→ **THE TASK**:
Skip the pictures. Transcribe exactly the lines from the line containing "Ron English Dgk Skateboards Series 8" to the end of the listing.

→ **GIVEN INFORMATION**:
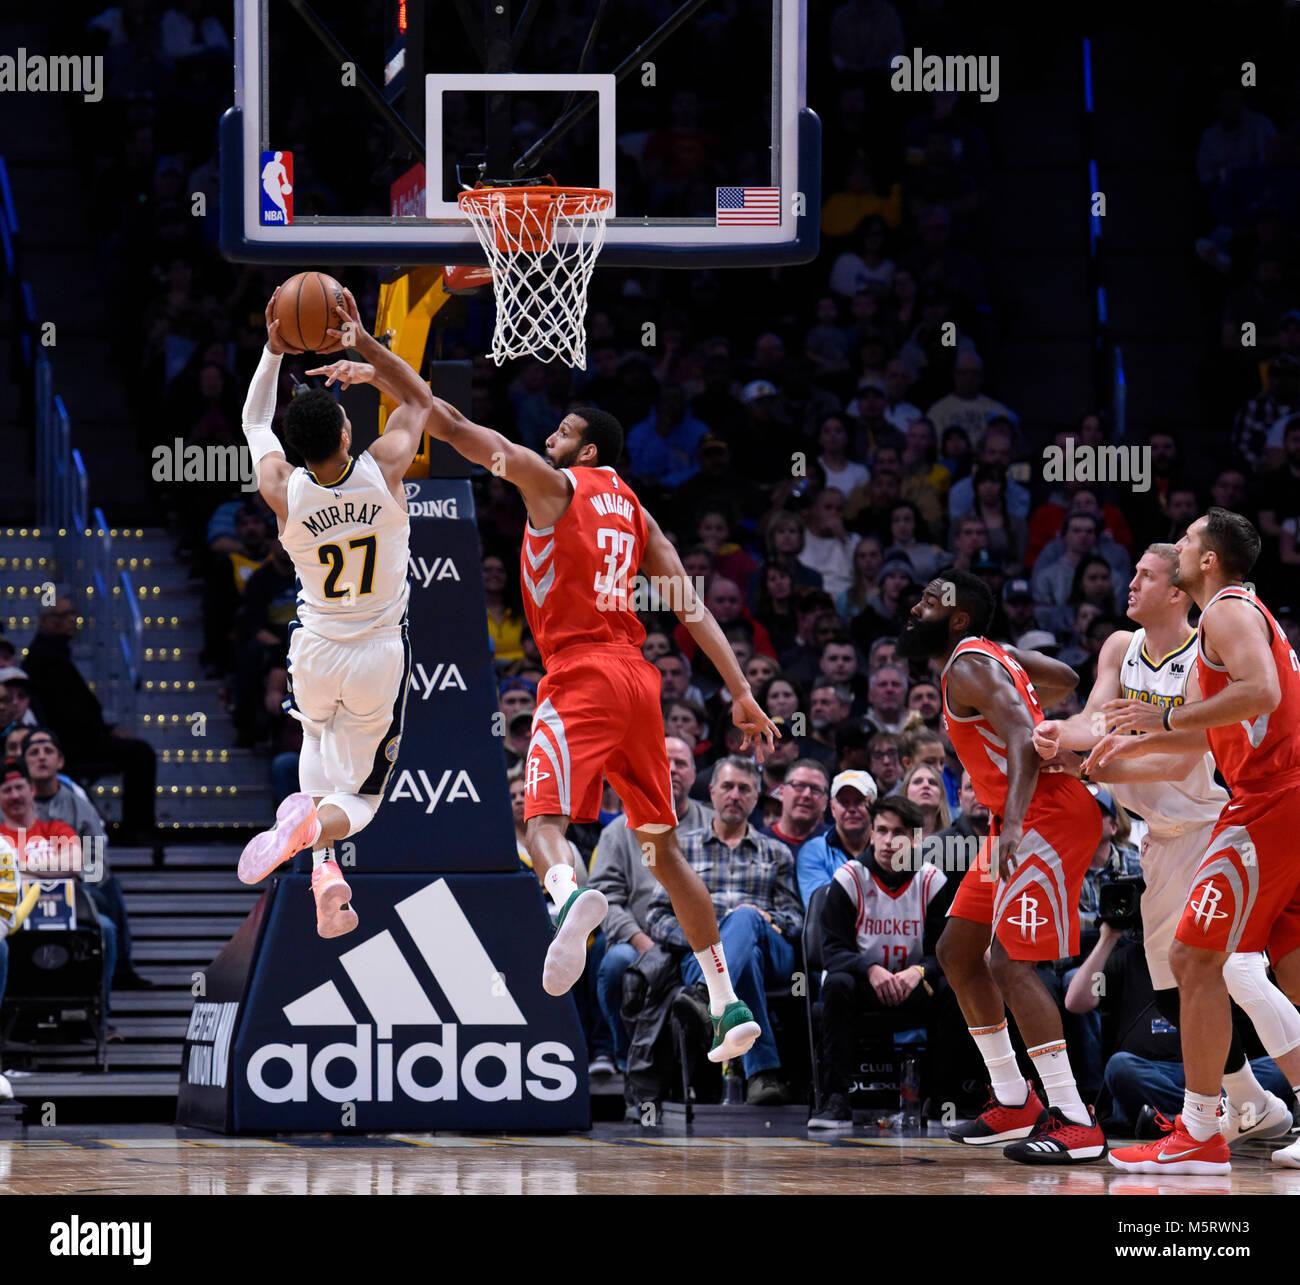 Denver Nuggets Guards: James Harden Stock Photos & James Harden Stock Images
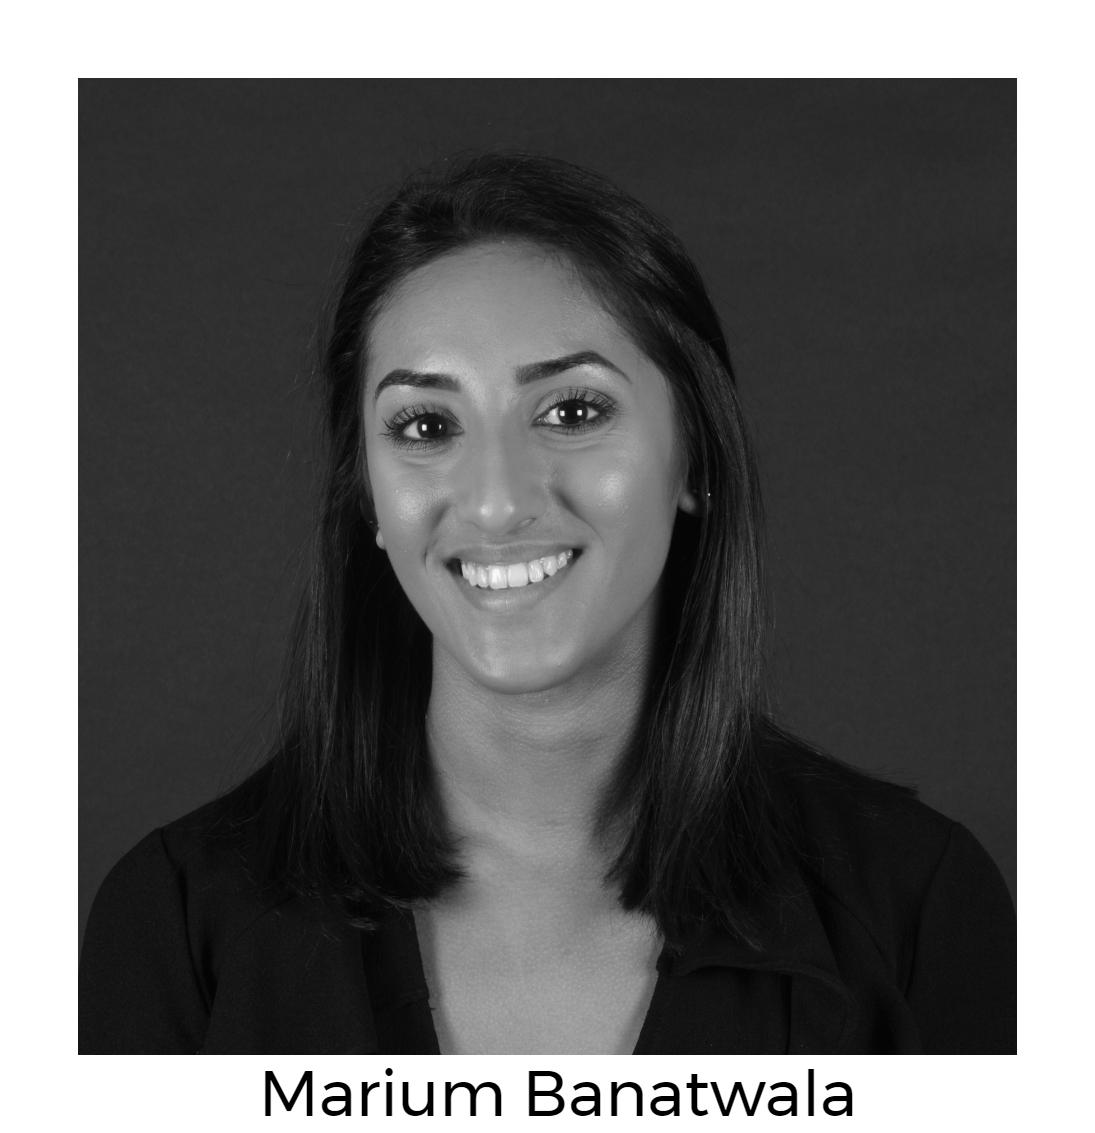 Marium Banatwala
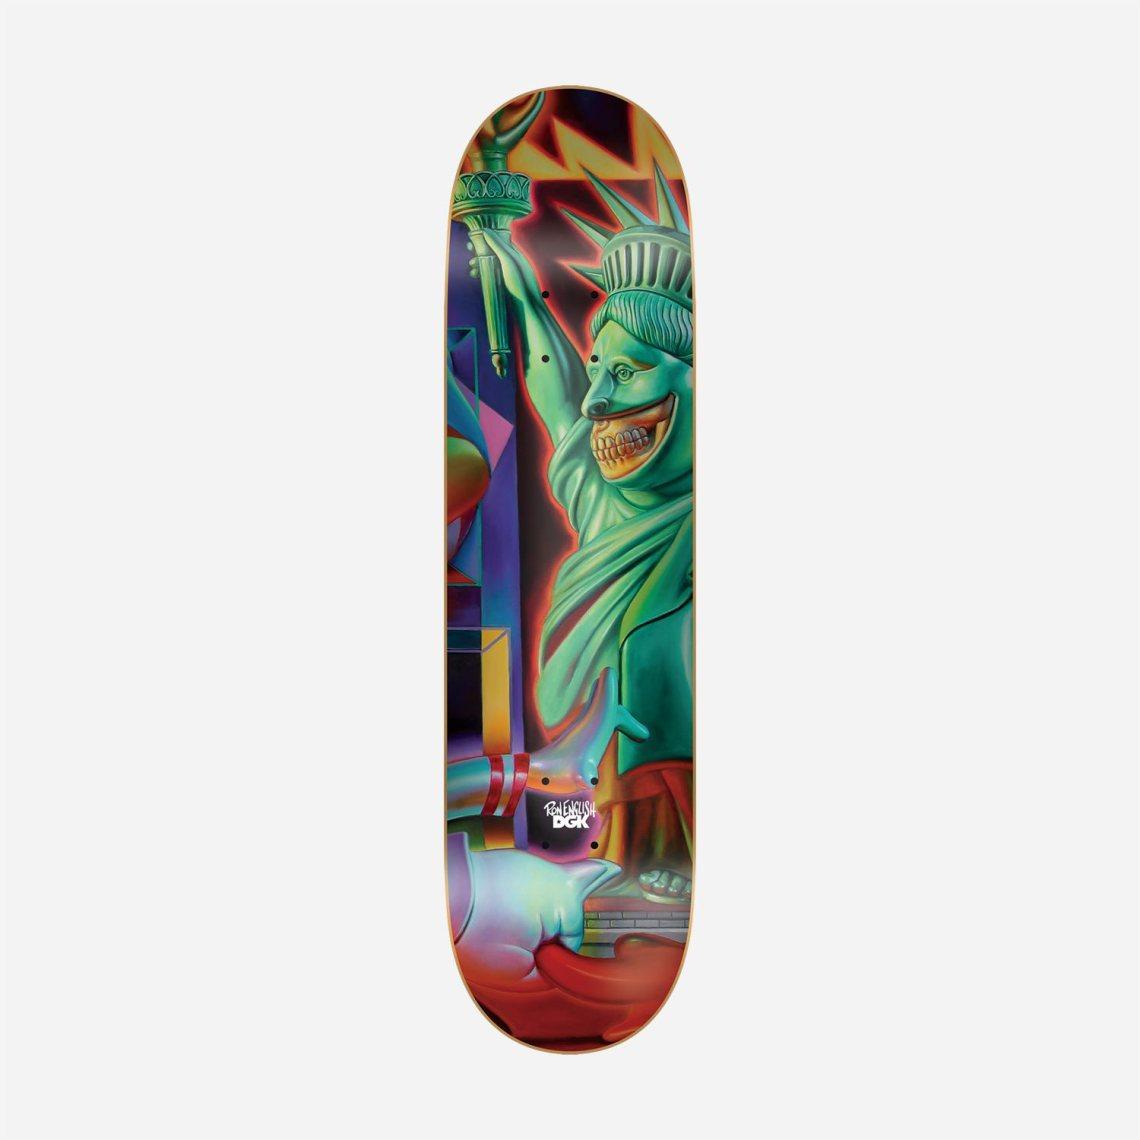 Ron English Dgk Skateboards Series 8
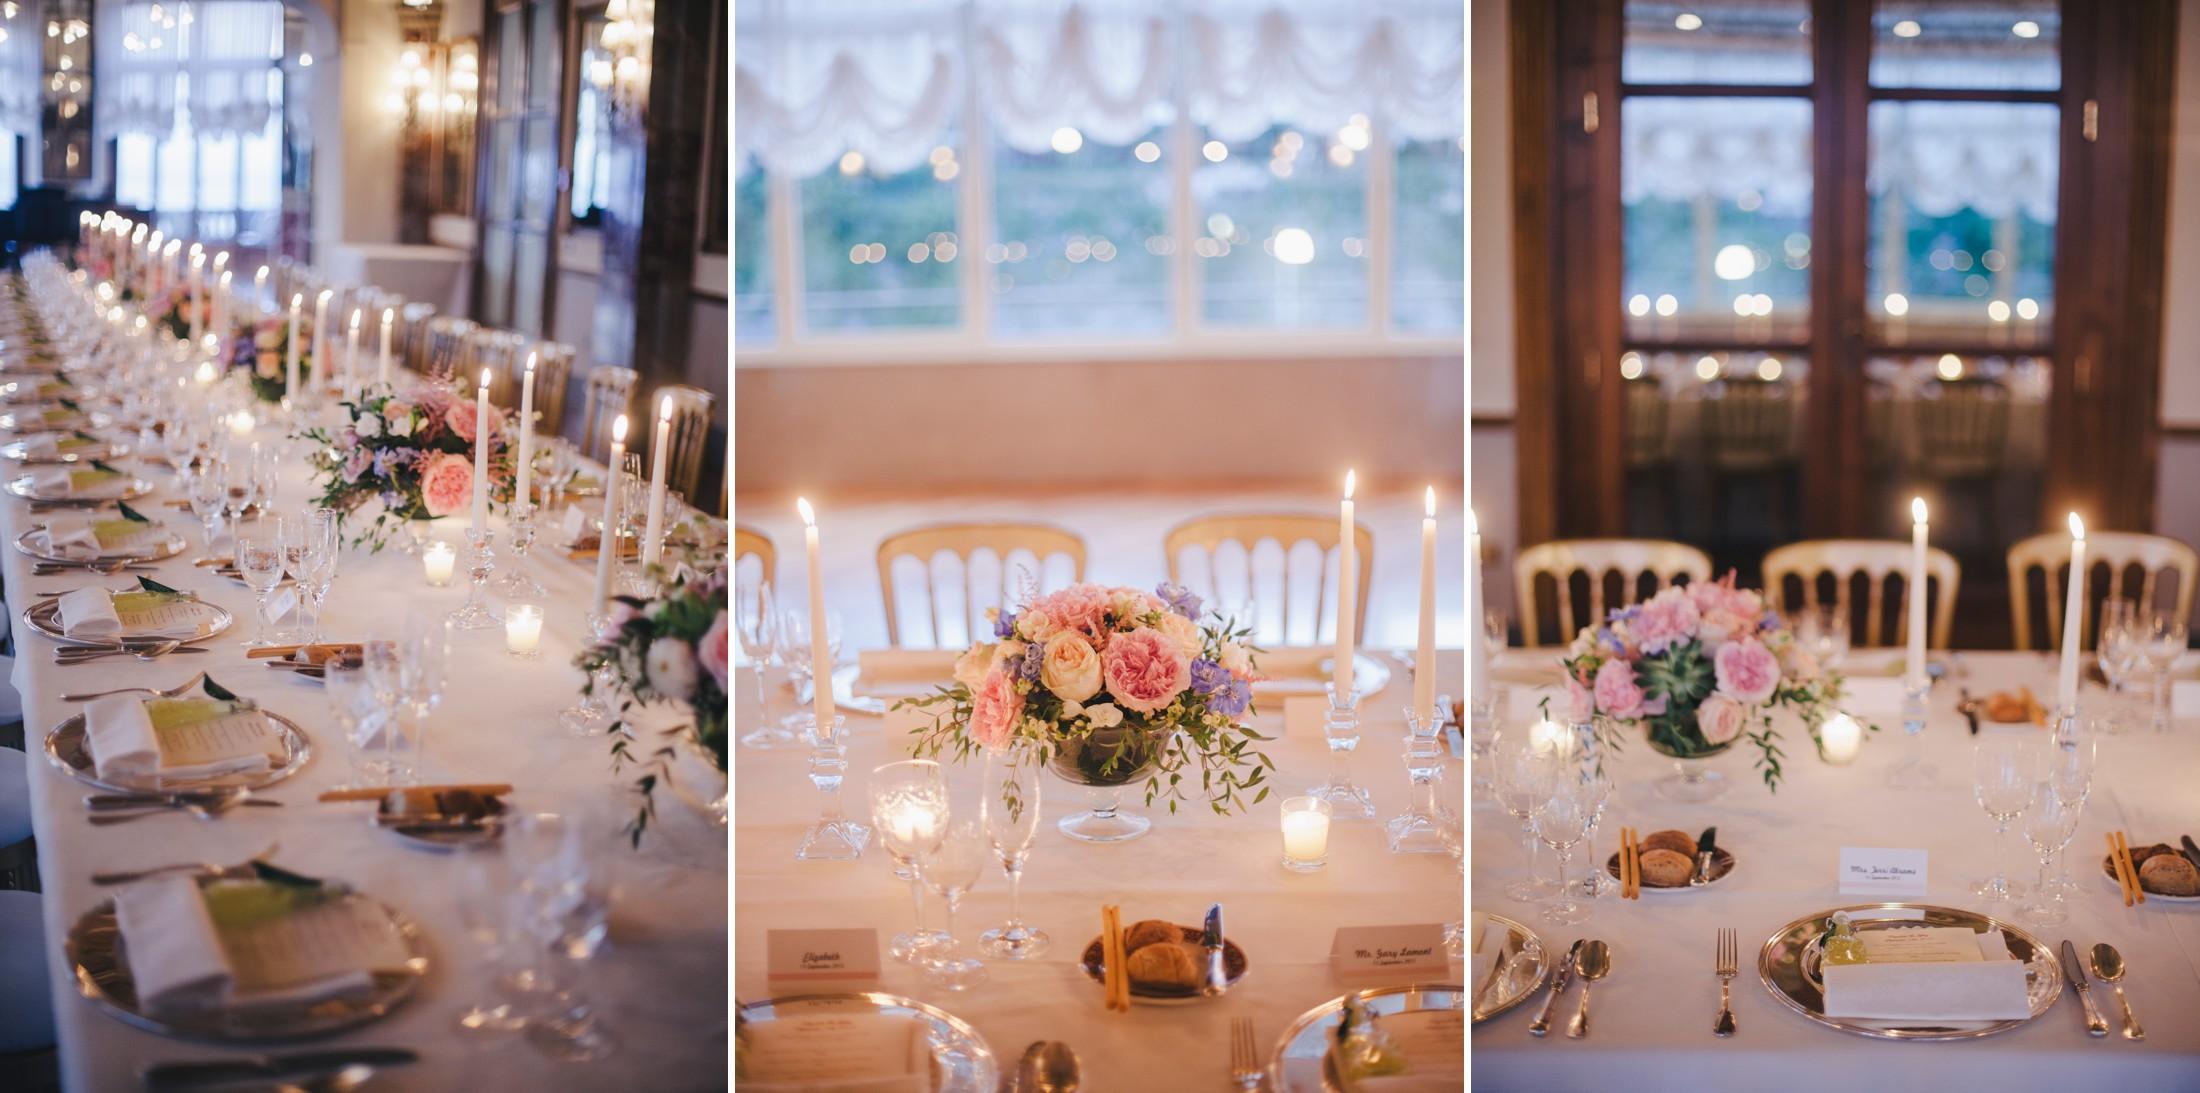 wedding in sorrento collage wedding table decor

→ **EXERCISE RESPONSE**:
 Ron English Dgk Skateboards Series 8
 wedding in sorrento collage wedding table decor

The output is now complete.